Undersampling is also known as "bandpass sampling" and "IF sampling". Consider the sampling of an 11 Hz sine wave and a 1 Hz sine wave, both sampled by a 10 Hz sampling clock as in the figure below:enter image description here

The samples that are produced (the red circles) for both waveforms are identical. Thus the 11 Hz "Intermediate Freuency" or IF has been downconverted in the sampling process to 1 Hz. We can use this technique to undersample a bandpass waveform, and thereby down-convert it at the same time (putting our waveform of interest in the first Nyquist zone: ±$F_s/2$ where $F_s$ is the sampling freqquency). A key requirement that satisfies Nyquist is that the sampling rate used must exceed twice the bandwidth of the signal (note I said bandwidth, not highest frequency!).

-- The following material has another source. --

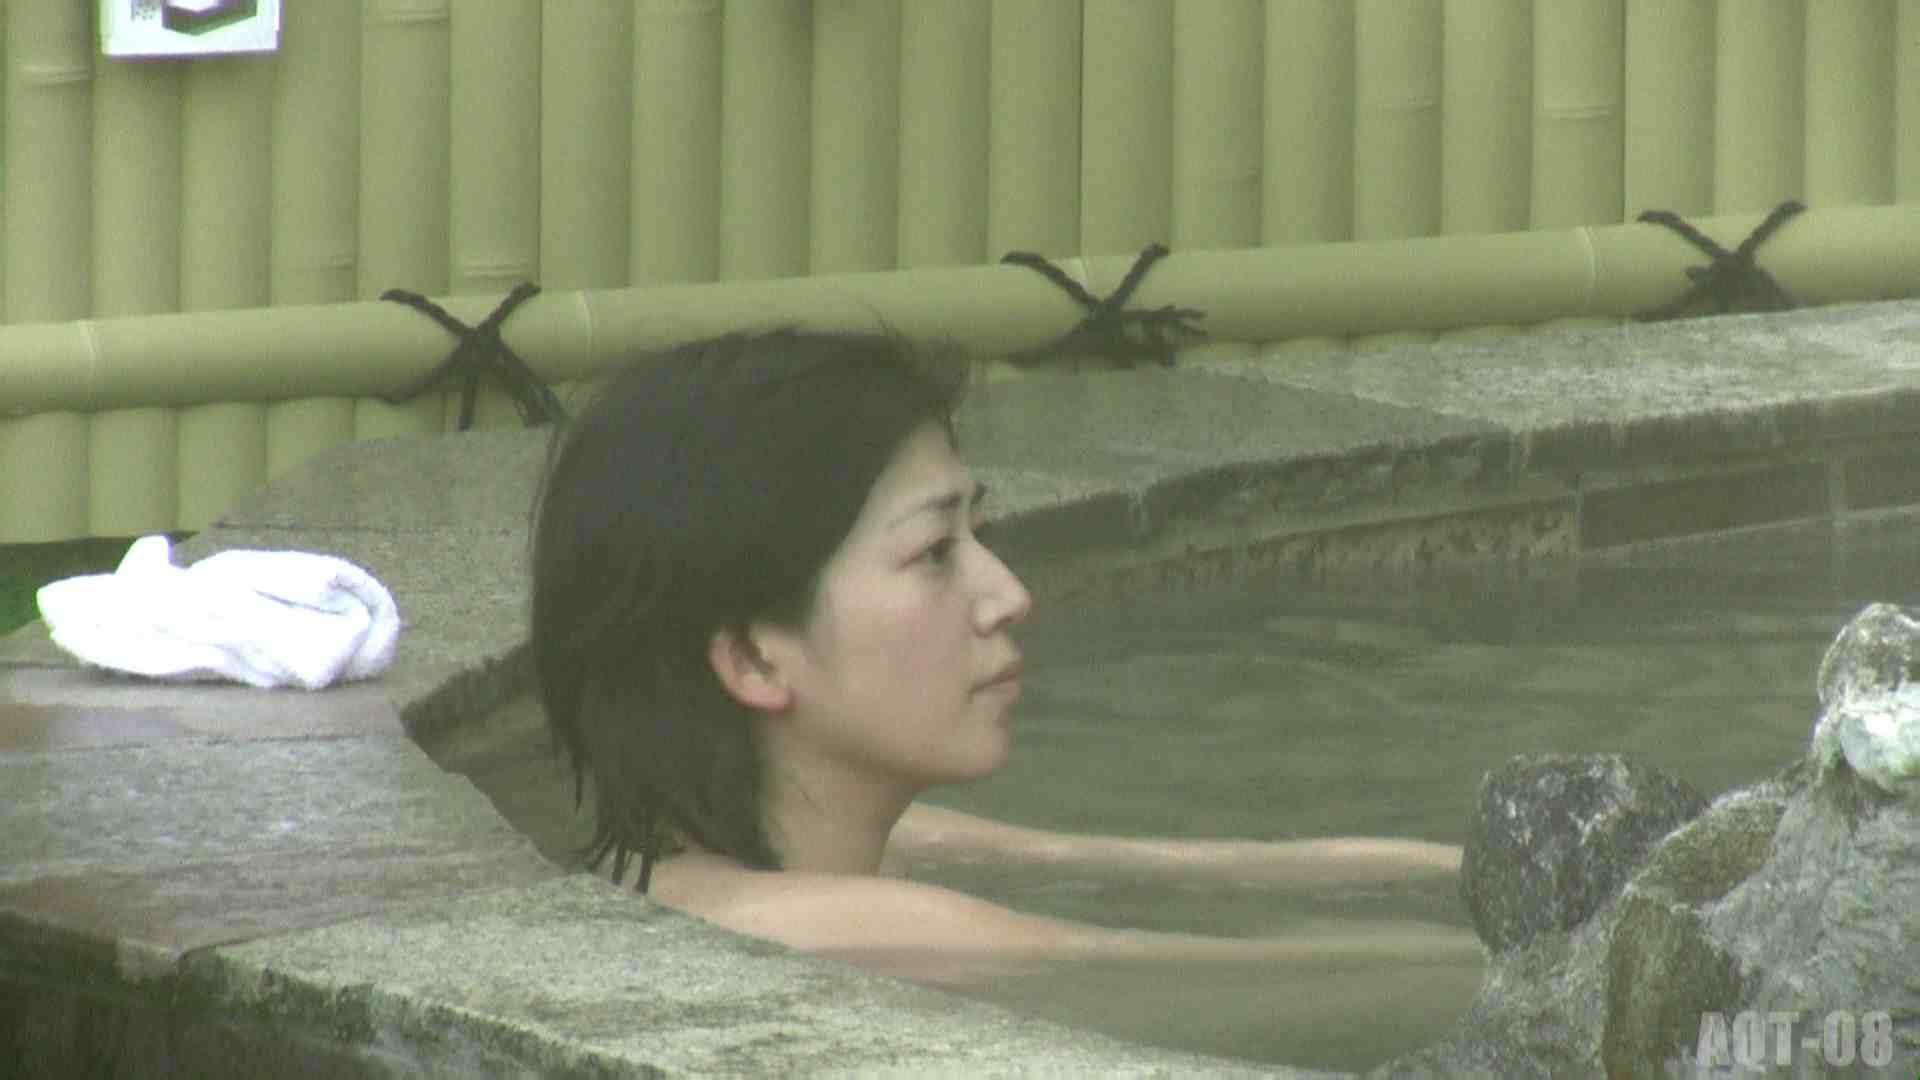 Aquaな露天風呂Vol.776 盗撮 | HなOL  60pic 55

That is "Undersampling" as most often described. To oversample a waveform, we sample at a rate significantly higher than the Nyquist criteria, with one motivation to increase the SNR as limited by quantization noise (by sampling hgiher, the same quantization noise is spread over a wider digital frequency, which we can subsequently filter down to our bandwidth of interest and thereby eliminate a significant amount of the noise). Therefore to both undersample and oversample a waveform, we choose a sampling frequency that is significantly larger than the signal bandwidth (thus oversample), and then use a multiple of this sampling clock to down-convert the waveform of interest positioned at a higher IF frequency (undersample).

For example, consider a waveform that occupies 10 KHz of BW that resides at 20.25 MHz. If we sample this with a 10 MSps sampling clock, we would be both undersampling and oversampling at the same time. (The undersampling creates a digital waveform with 10 KHz of BW at 250 KHz, which is oversampled at 10 MSps).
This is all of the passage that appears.